Si Heráclito dijo que nadie se baña dos veces en el mismo río, en 1996 un grupo de científicos desmintió al griego proclamando que había llegado el momento de revelar otra Humanidad, y presentaron a Dolly, la oveja que inauguró la era del clon. A partir de entonces, los laboratorios se entregaron a perfeccionar las técnicas de «doblaje» con el objetivo de aumentar la cabaña replicante, y no solo ovina. Durante los siguientes cuatro años, genetistas de todo el mundo experimentaron con especies animales que se podían encontrar en la Tierra. Hasta que el bucardo abrió una posibilidad inexplorada.
La noche del 5 al 6 de enero del 2000, la nieve partió un tronco de abeto que al desplomarse aplastó la cabeza de una bucarda anciana aquejada con varias patologías. Al ser la última de su especie, se convirtió en el primer animal extinguido en el siglo XXI. Unos la llamaban Laña y otros Celia. Ocurrió en el Parque Nacional de Ordesa (Huesca). La desaparición se divulgó en todo el planeta, porque era la primera del milenio y porque advertía sobre las muchas extinciones inminentes que iban a producirse si la relación entre los humanos, los animales y en general el medio ambiente no viraba de un modo drástico.
Previendo su extinción, un grupo de científicos españoles había recolectado y congelado células de la bucarda, sin imaginar que la fecha de su muerte iba a proporcionarles una cobertura mediática tan colosal. La oportunidad resultaba incomparable, y si era cierto que España iba a figurar para siempre como el país donde se había volatilizado el primer animal de todo un milenio, el país también podía situarse a la vanguardia científica demostrando que la Nueva Humanidad era capaz de dar la vuelta a la tragedia devolviendo la vida a una muerta. Convertir el fracaso natural en un triunfo de la ciencia es la última gran tentación humana, y ejecutar una resurrección confirmaría el papel semidivino que desde hace más o menos un siglo y medio algunos humanos han empezado a asumir sin complejos.

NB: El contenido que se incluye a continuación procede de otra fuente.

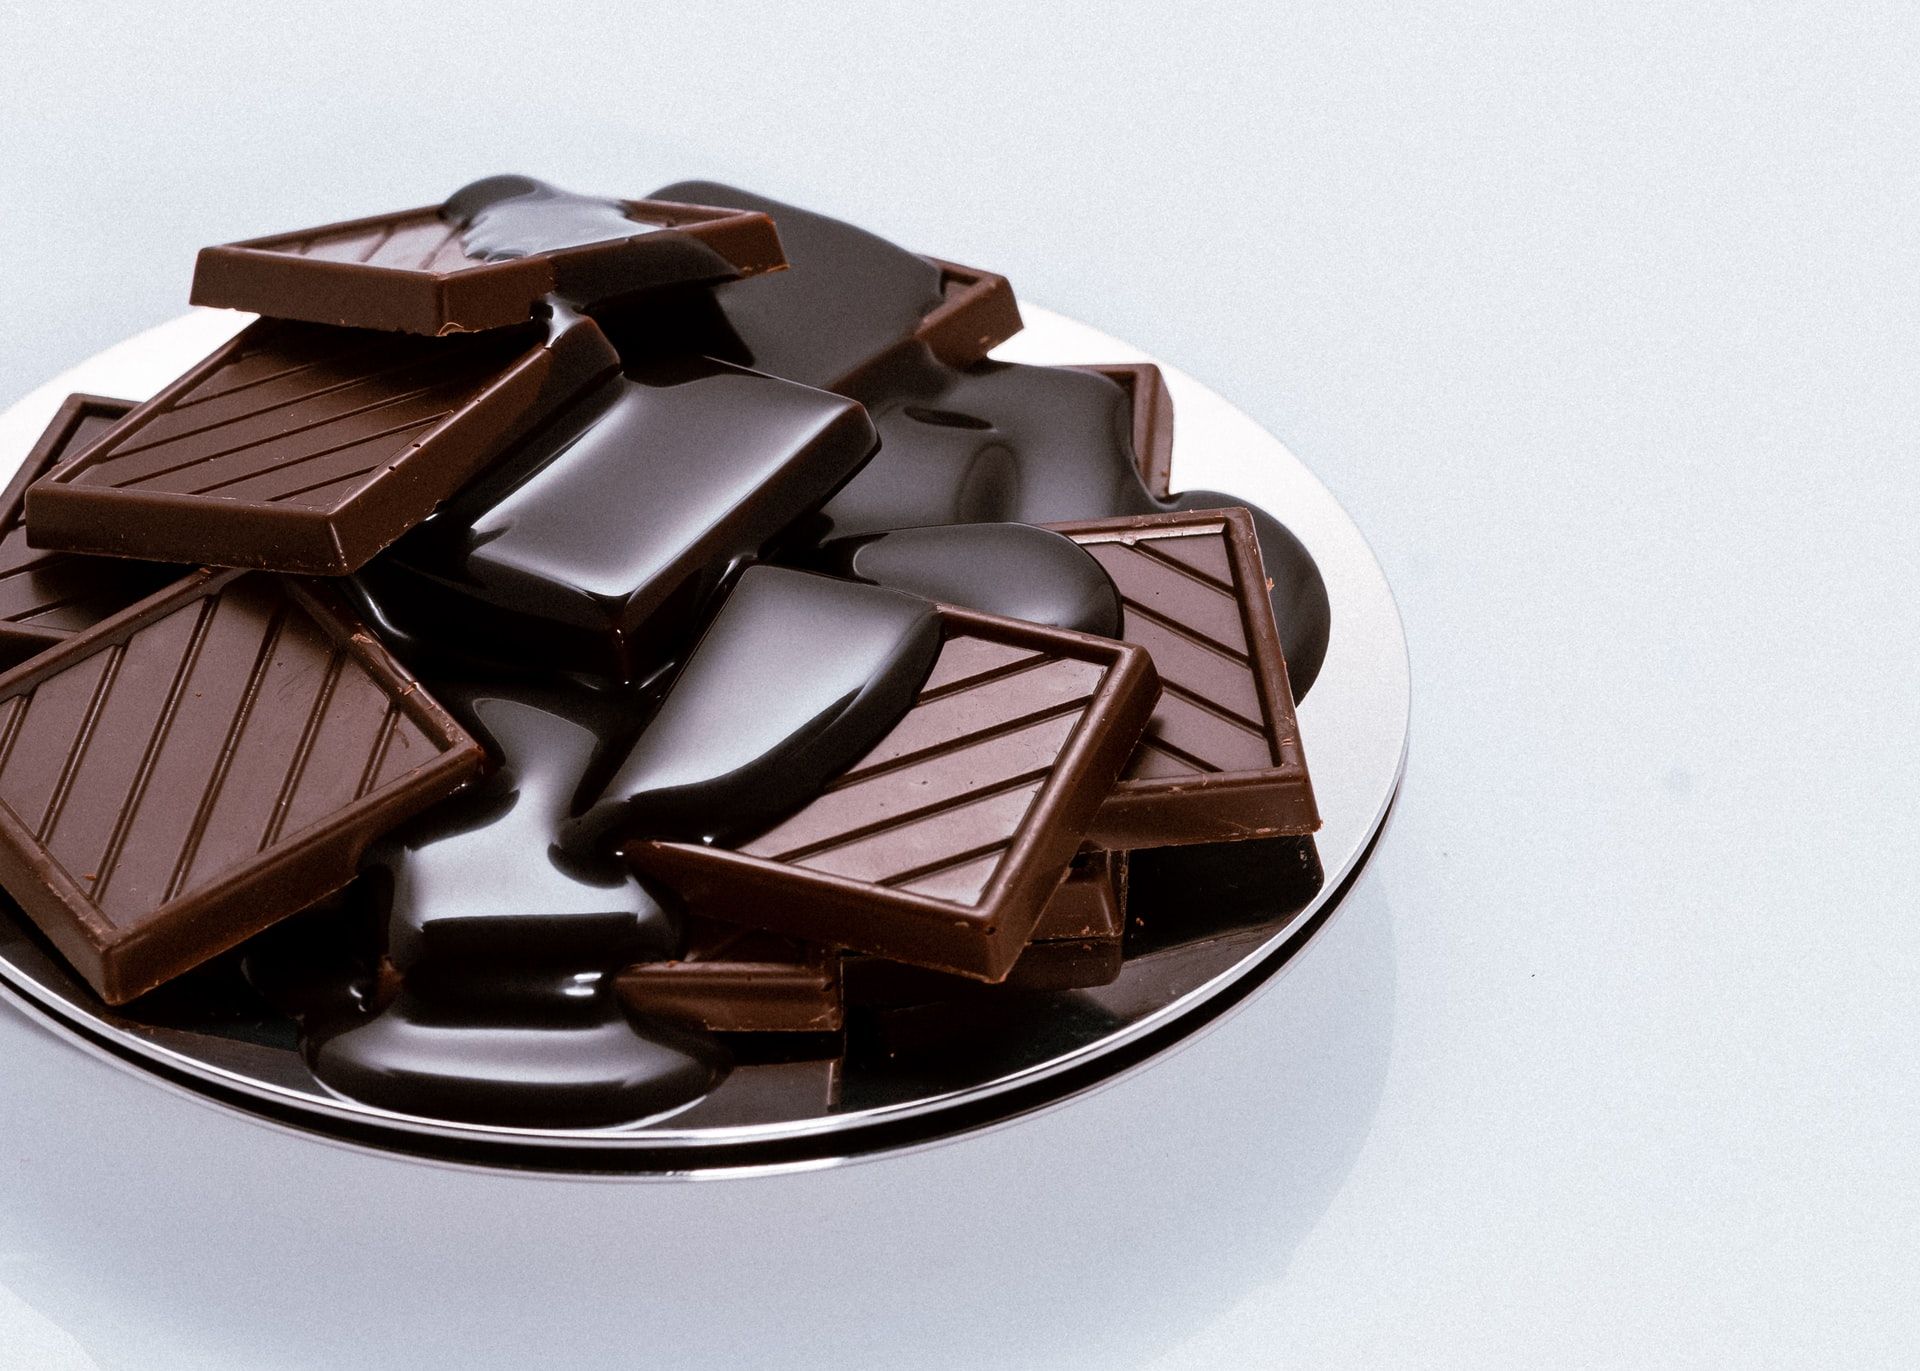 Giornata mondiale del cioccolato 2021, le ricette più golose - immagine 2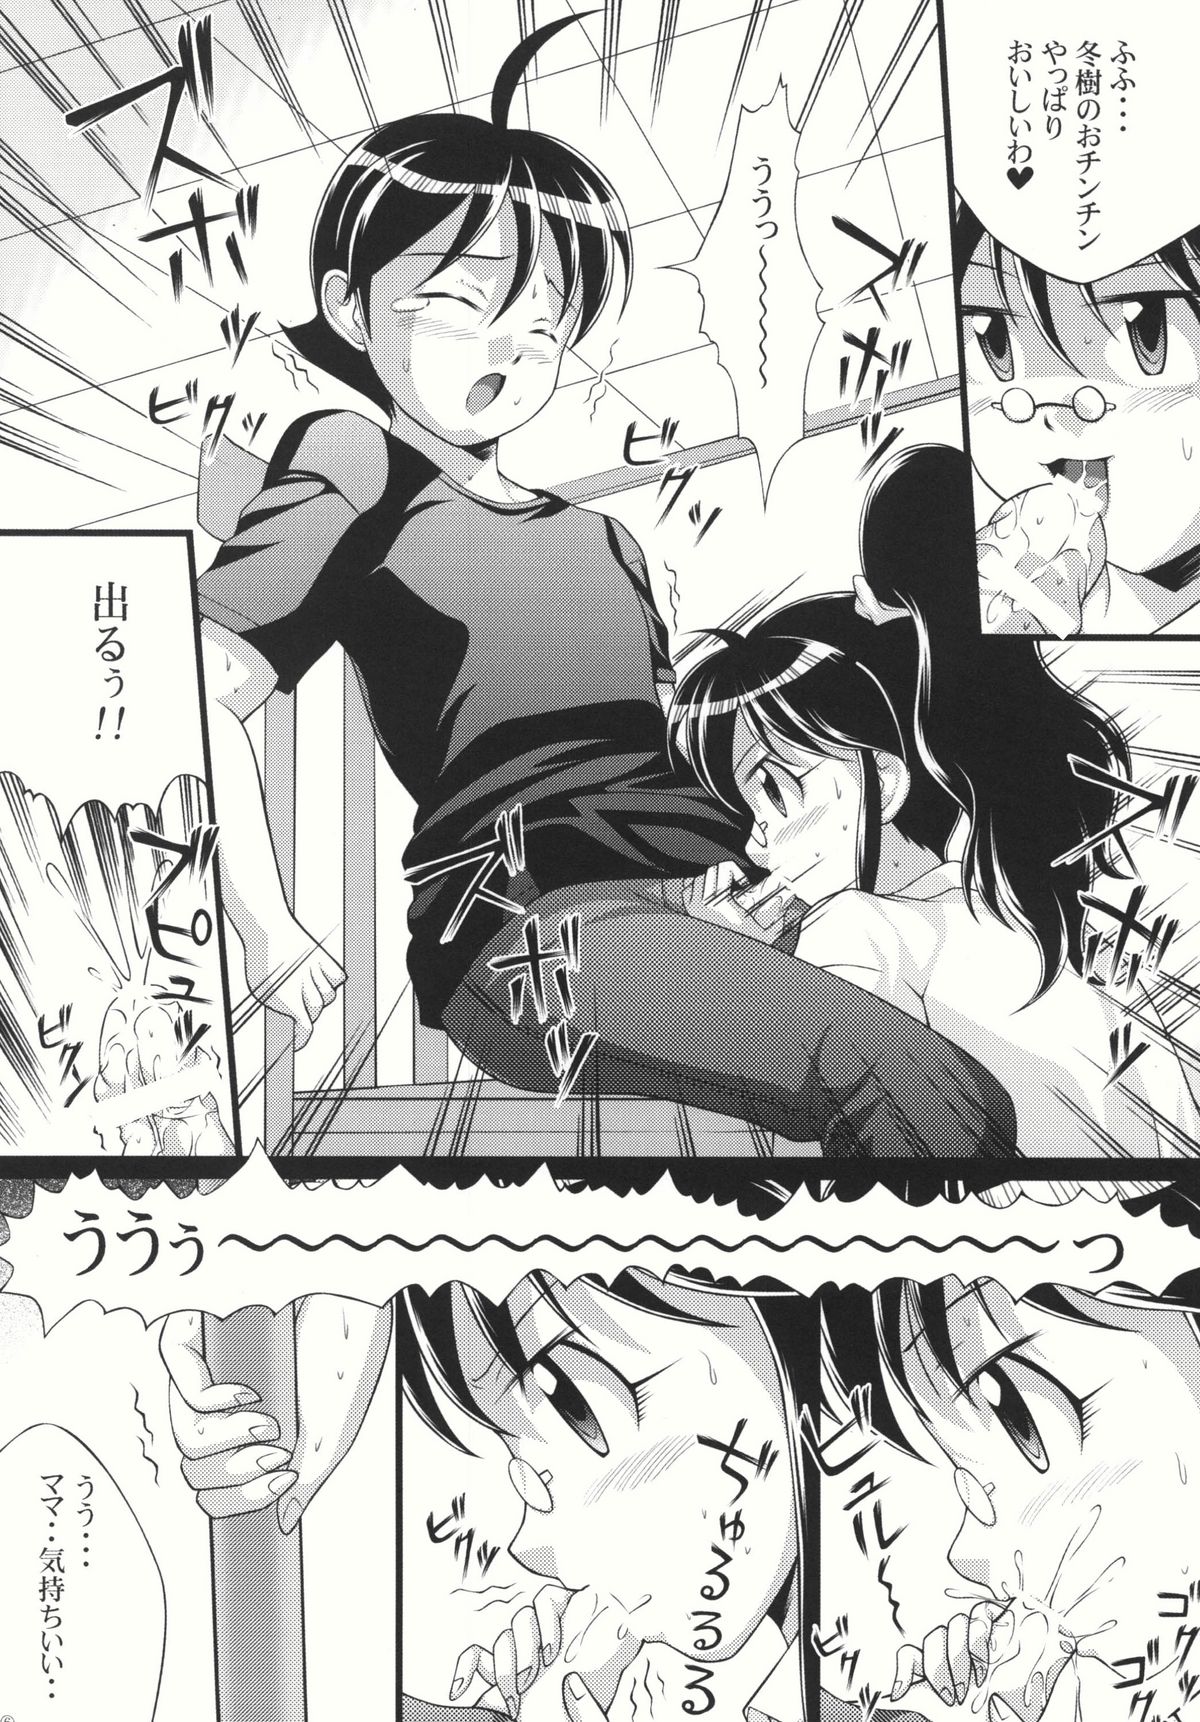 (SC38) [Light Pink (Various)] Chikyuujin Maruhi Seitai Chousa Houkokusho 4 (Keroro Gunsou [Sgt. Frog]) page 8 full

Sobre esto no hay datos, porque se trata de un intangible, pero basta observar cómo reaccionaron los medios de comunicación y la ignorancia colectiva actual sobre aquel suceso histórico para deducir que la mayoría de españoles encajaron con indiferencia la derrota de ver cómo un animal propio se esfumaba para siempre. Algunos debieron de experimentar un sentimiento más cercano a la molestia humillante que al dolor y solo un puñado —diminuto— lo lamentó en serio. En cualquier caso, el triunfo que podía obtenerse a cambio de aquella extinción estaba aureolado de gloria, así que los políticos lo vieron claro e invirtieron para conseguir un clon.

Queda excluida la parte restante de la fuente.